Reviewer: Barbara Cebulski, MS, MLS(ASCP)CM is a program director for MediaLab, Inc., responsible for the development of continuing education and competency assessment courses for laboratory professionals. Prior to 2007, Ms. Cebulski was an Inspection Specialist in the Laboratory Accreditation Program for the College of American Pathologists (CAP). During this time, she also presented on behalf of CAP at Inspector Training seminars and Point-of-Care Group conferences. In her career as a medical technologist, she has held management and supervisory positions. Barbara holds a Masters degree in Instructional Design and Technology from Georgia State University.
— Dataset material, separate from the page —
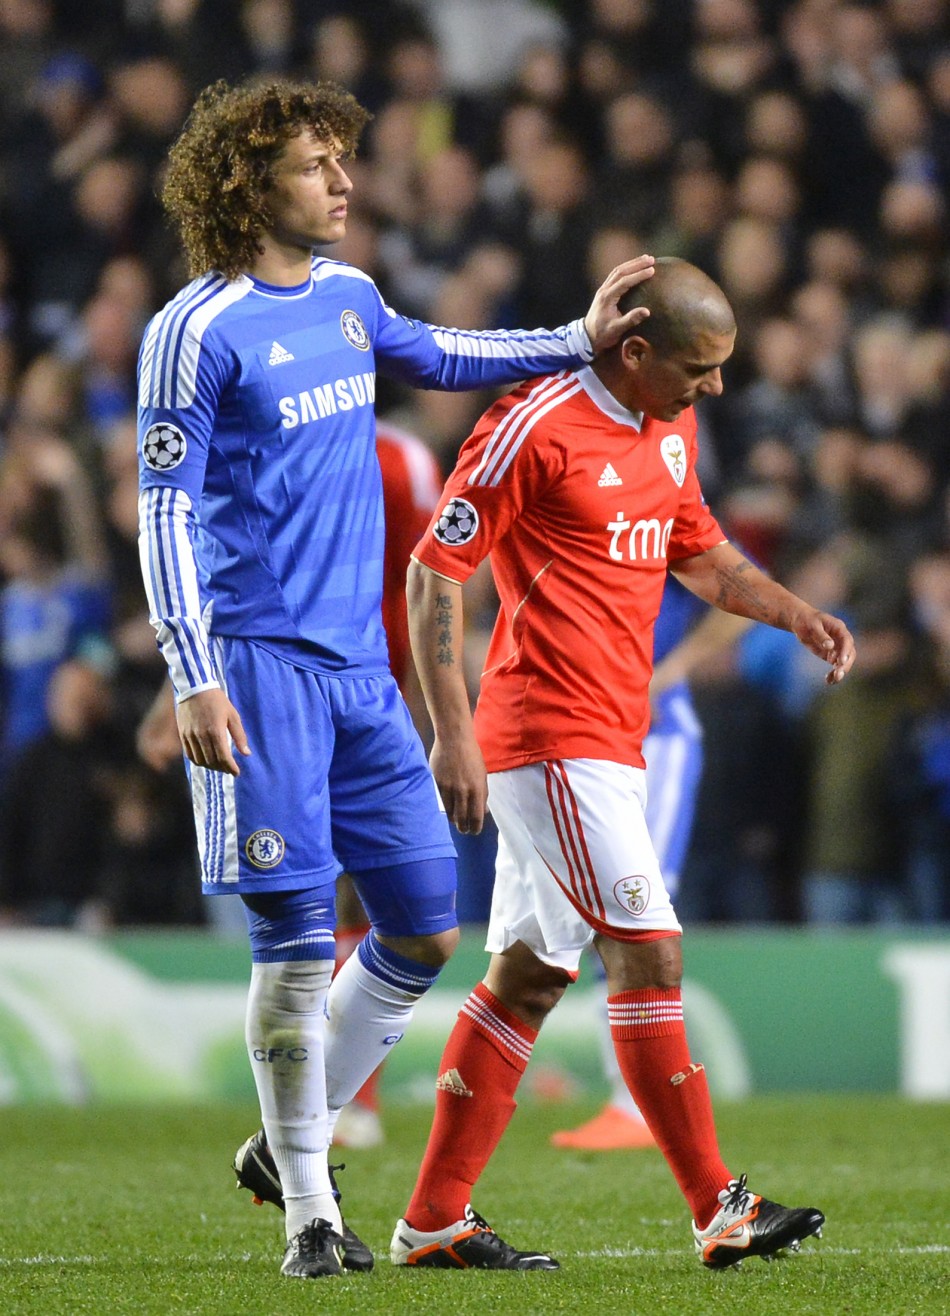 Soccer - Chelsea v Benfica - Champions League - Second Leg - Quarter Finals -  Stamford Bridge

Course Information: This course provides important concepts in quality control that are useful to laboratory personnel who report patient results. Topics include: precision, accuracy, sensitivity, specificity, random and systematic errors, standard deviation, and interpretation of quality control results using Levey-Jennings charts, Westgard rules, cumulative summation limits, and Youdon plots.
This course was reviewed October 2012.